A way to improve extraction speed?

Jul 25, 2010 at 6:56 PM

To start out I have to say that you've done a great job on this project.  It has saved me a lot of time and I thank you Markhor, for your hard work.

I've hit a bit of a performance wall with extraction speed, particularly with zips and rars files formats.  As a test I would extract a zip file or rar file straight into memory, with the file consisting of about 750 JPEG images and running about 150 MBs.

CPU usage maxes out only one of my four cores (Intel Q9550) while hard drive activity is minimal.  VS2010's performance profiler puts the extraction call (ExtractFile()) as a bottleneck. 

In all, the extraction process takes about 5000-5400 ms which is still fast but not quite what I want to achieve for in-memory extraction.  As a comparison, Winrar will extract these archives to disk in about 7-8 seconds

Here is a sample of my code:



            foreach (ArchiveFileInfo afi in compressedFileInfo)
                if (afi.IsDirectory == false)
                    stream = new MemoryStream();
                    compressedFile.ExtractFile(afi.FileName, stream);
                    stream.Seek(0, SeekOrigin.Begin);

                    StreamList.Add(new FileEntry(afi.FileName, stream));
                Application.Current.Dispatcher.Invoke(DispatcherPriority.Background, new Action(() => progressbar.Value++));

Is there any way improve the performance of this extraction?  Initially I tried creating multiple SevenZipExtractors and attempting to extract from the same file in parallel using the new Parallel.ForEach in .Net 4. 

This turned out to be slower and I'm guessing it has to do with IO locks on accessing one file and then the overhead of dealing with multiple threads that are being blocked. 

Do you see anything wrong with my code that might be a problem or have any suggestions to improve speed? 

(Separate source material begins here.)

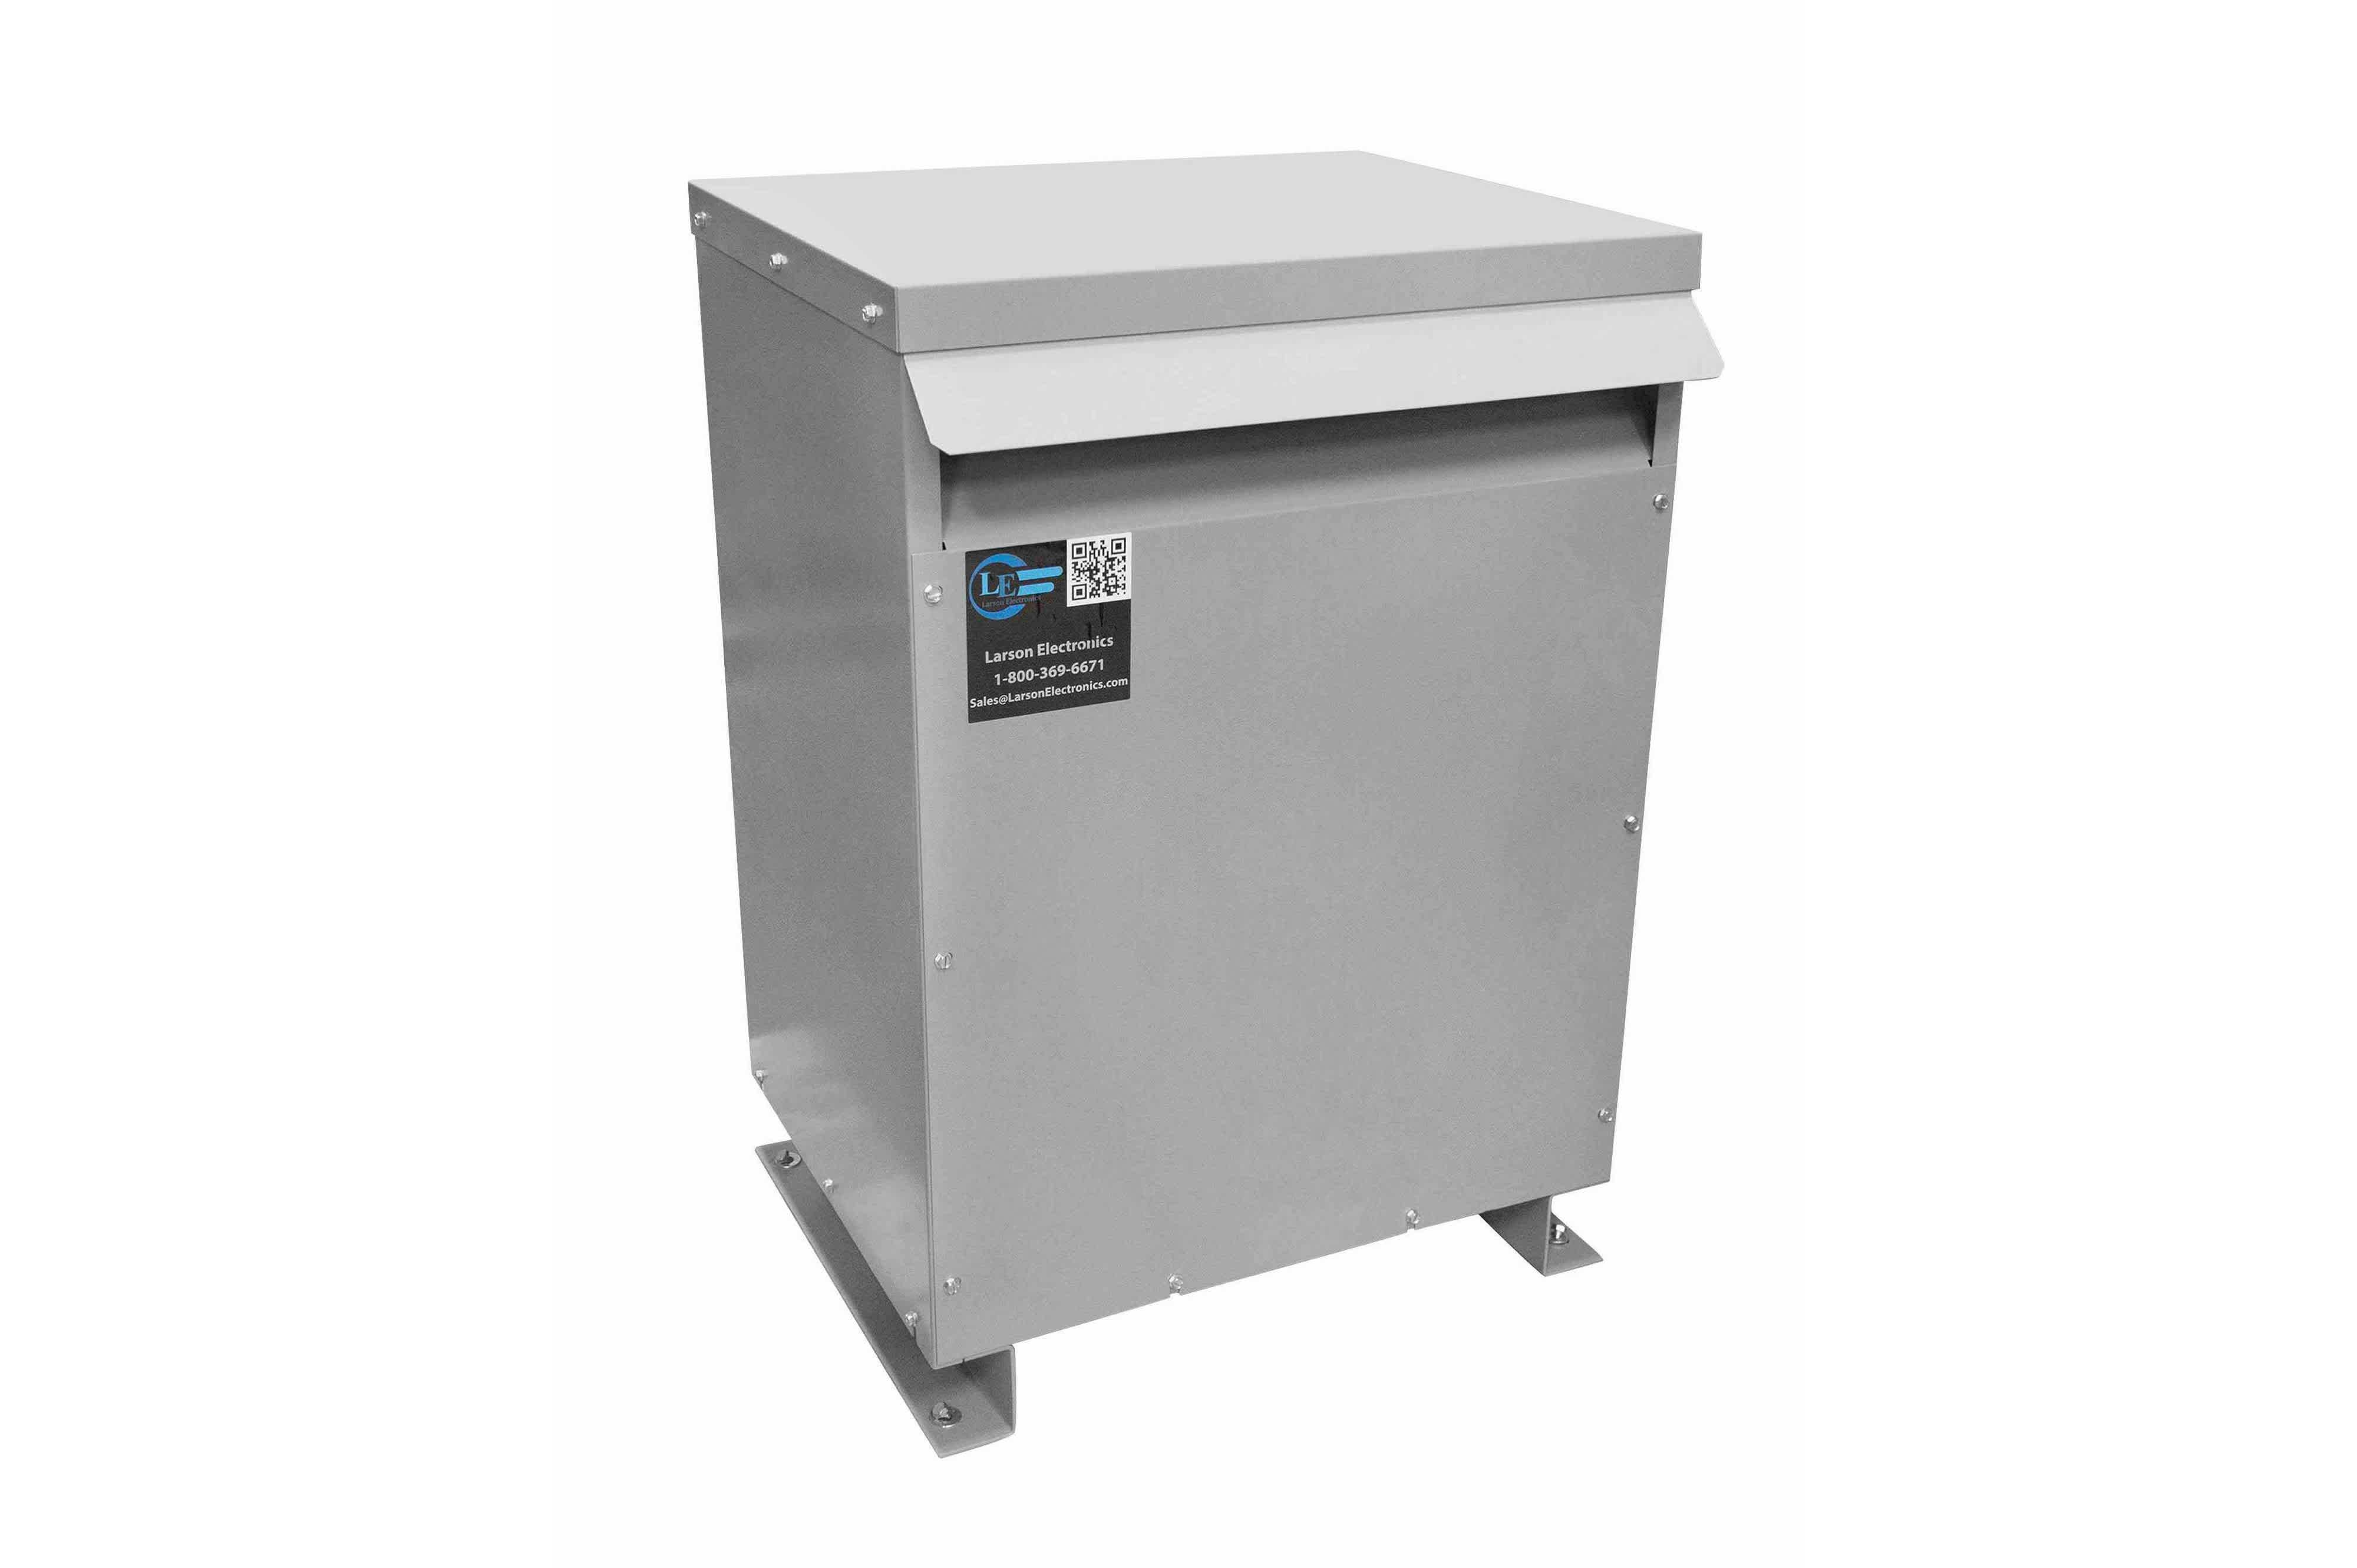 237.5 kVA 3PH Isolation Transformer, 230V Wye Primary, 480Y/277 Wye-N Secondary, N3R, Ventilated, 60 Hz

Thanks again for making this awesome library.


Aug 22, 2010 at 8:46 AM

You use the library wrong. ExtractFile is suitable for single files only. Use ExtractFiles or ExtractArchive.

Nov 30, 2010 at 8:10 PM

As far as I can tell, the ExtractFiles and ExtractArchives methods extract to a directory.  In my case, I need all my extractions to stay in memory via stream.